## SUPPLIED DATA
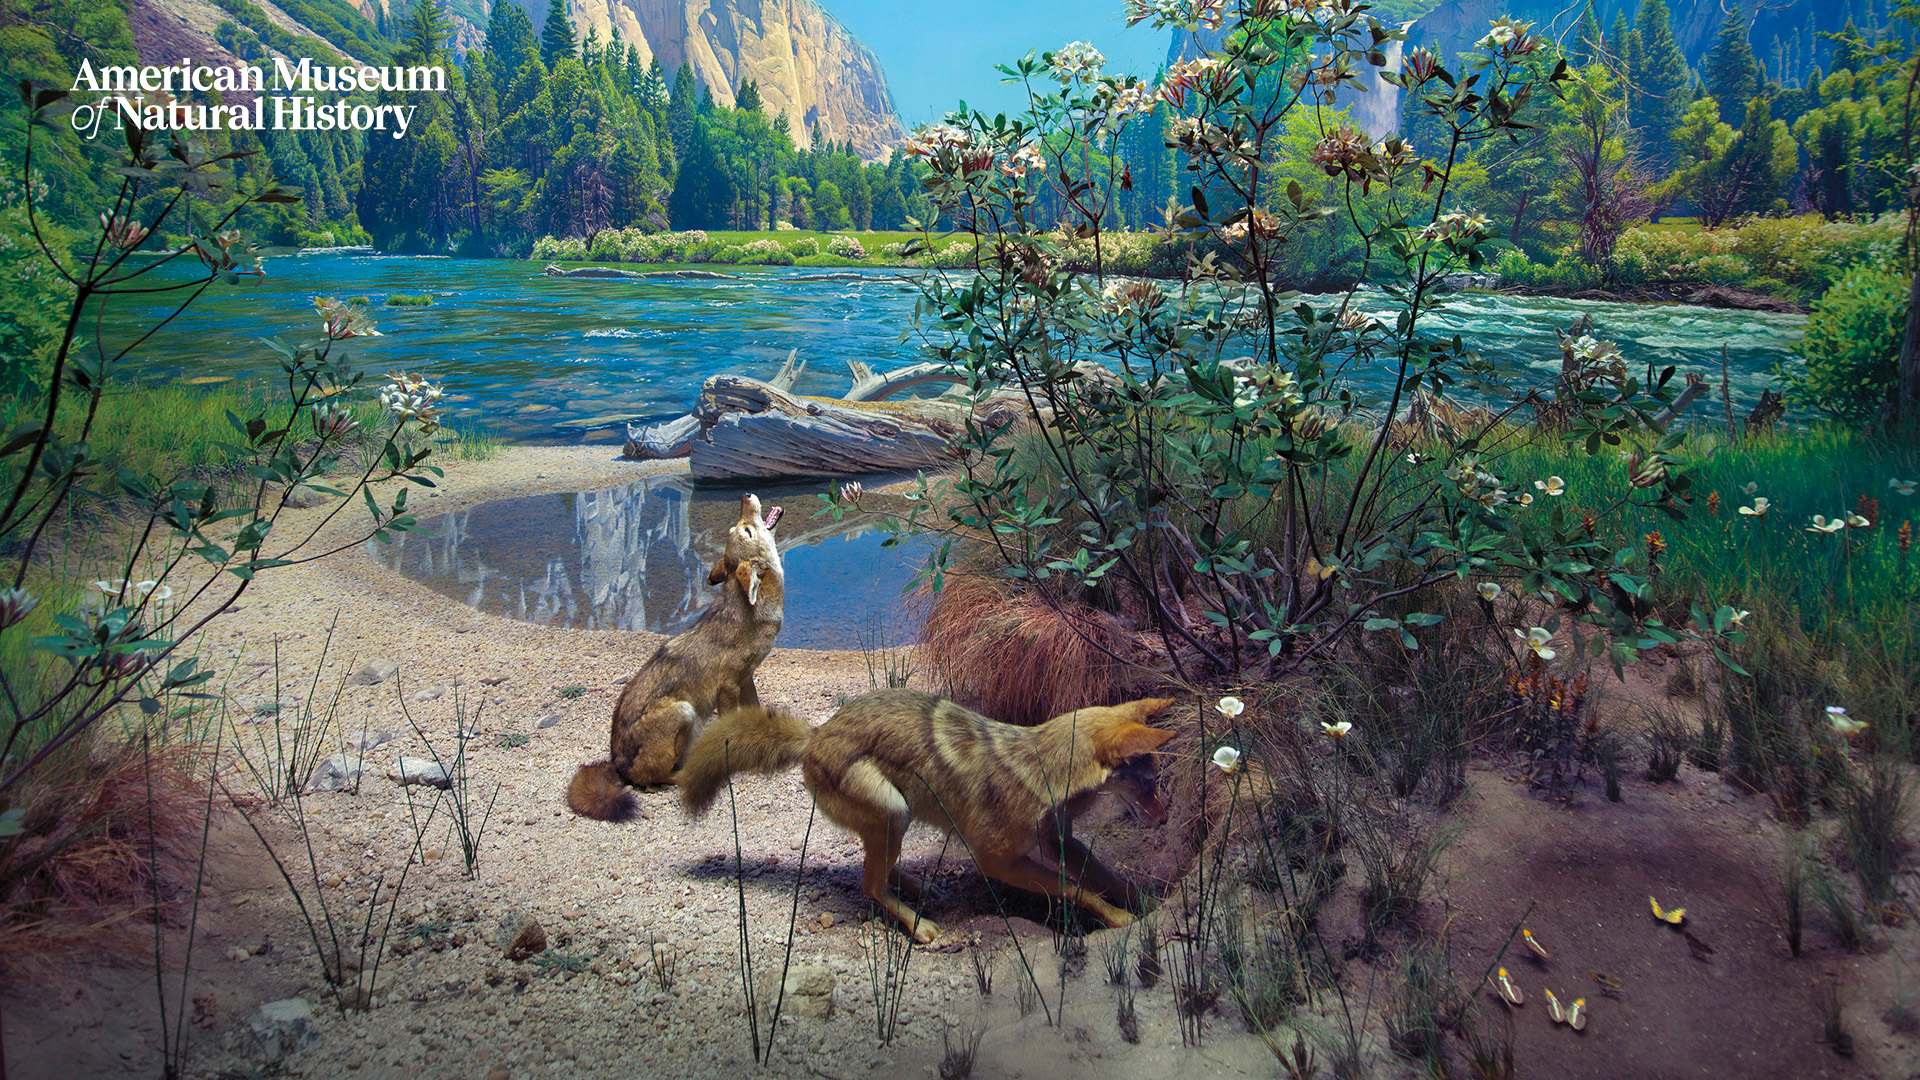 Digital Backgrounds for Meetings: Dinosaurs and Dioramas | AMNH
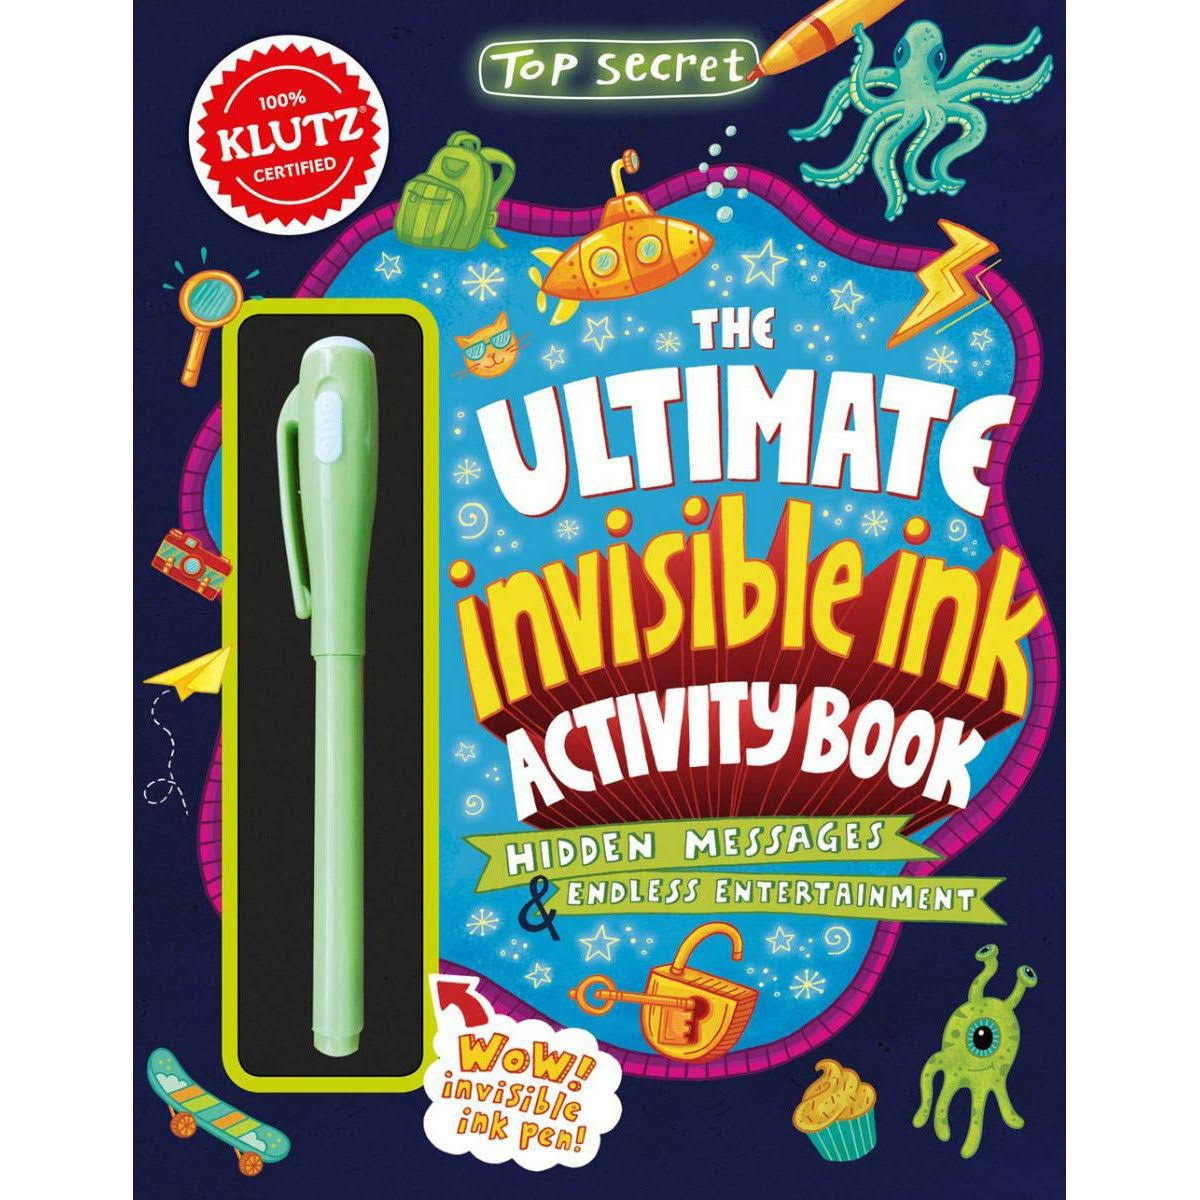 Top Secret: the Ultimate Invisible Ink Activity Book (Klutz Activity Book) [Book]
* * *
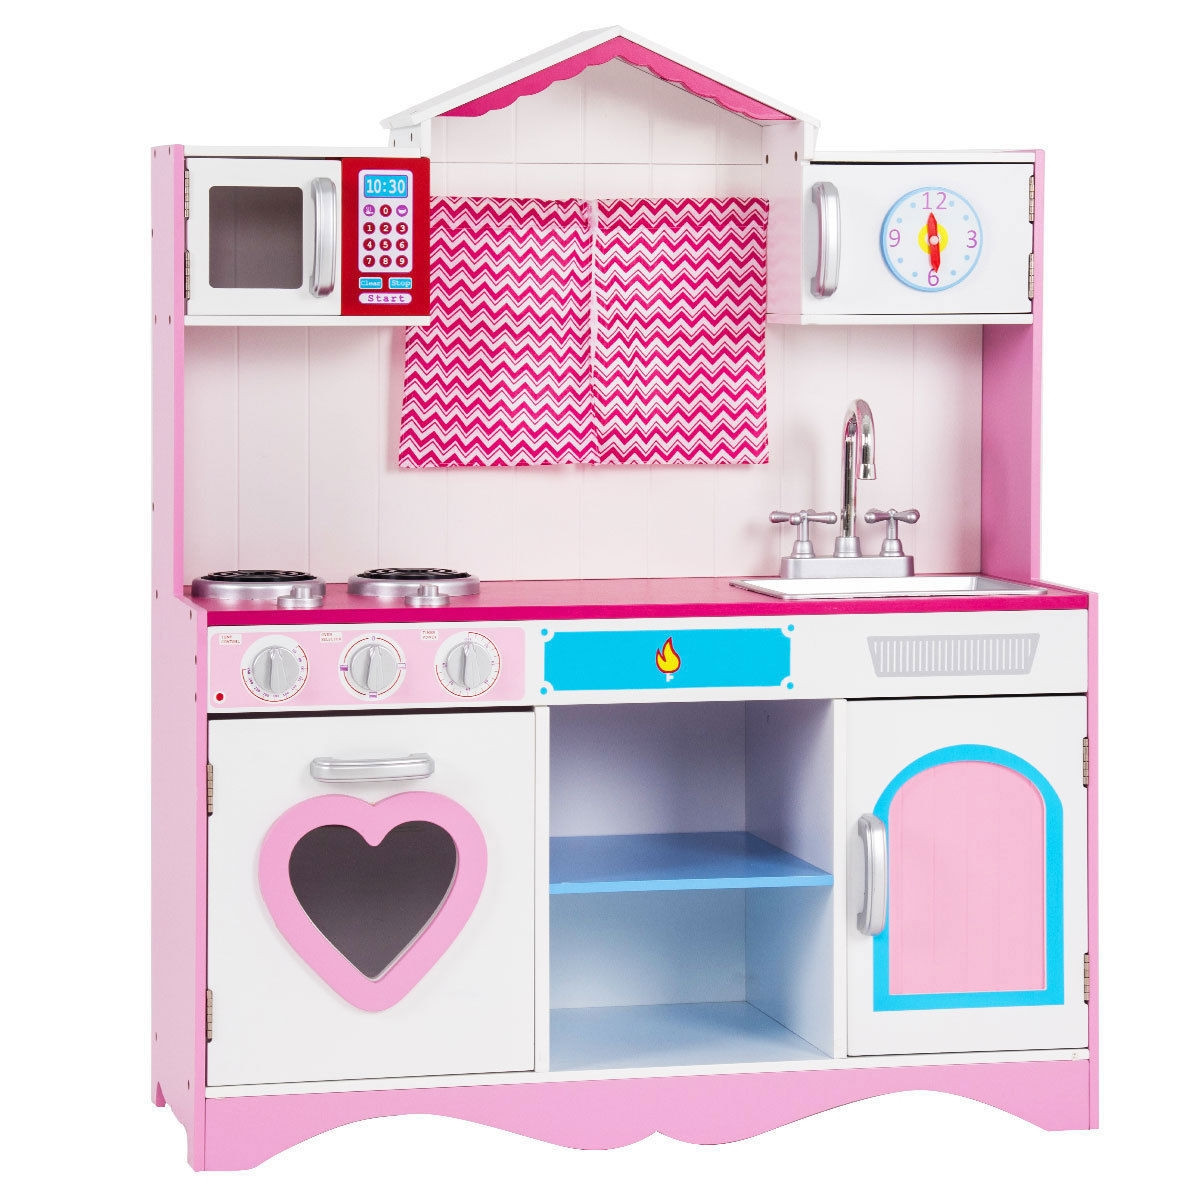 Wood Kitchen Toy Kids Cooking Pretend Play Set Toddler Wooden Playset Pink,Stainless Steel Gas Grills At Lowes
==
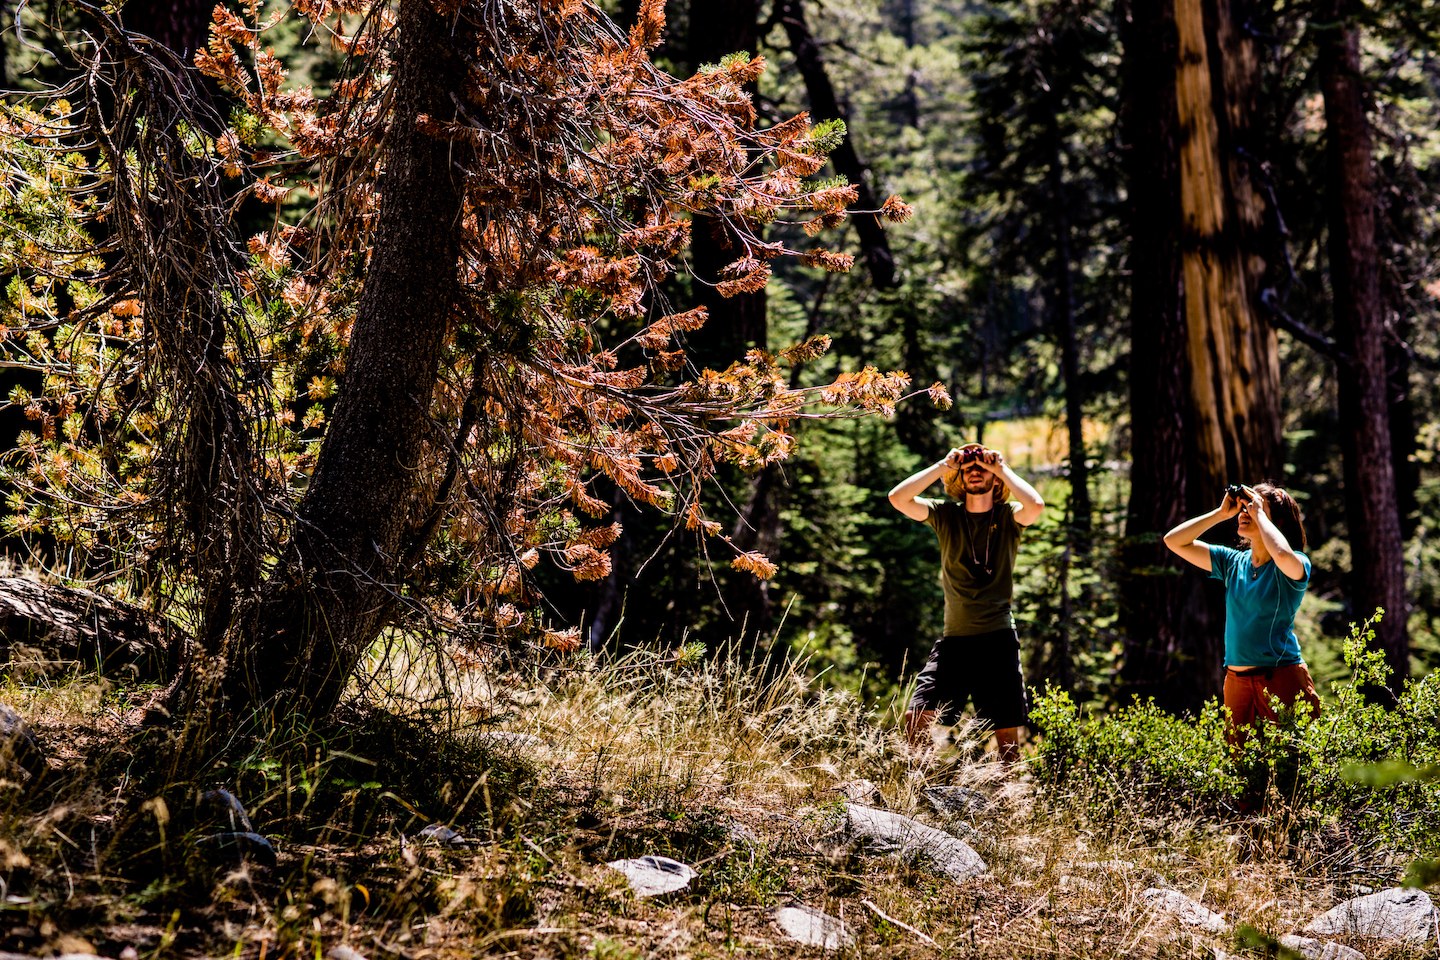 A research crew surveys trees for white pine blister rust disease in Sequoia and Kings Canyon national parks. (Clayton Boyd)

## WHAT IS REQUIRED
Above are records with pictures. Reproduce exactly only the lines from the line with "Digital Backgrounds for" through the line with "Top Secret: the", both ends included, and leave the pictures out.

## REPLY TO THE TASK
 Digital Backgrounds for Meetings: Dinosaurs and Dioramas | AMNH
 Top Secret: the Ultimate Invisible Ink Activity Book (Klutz Activity Book) [Book]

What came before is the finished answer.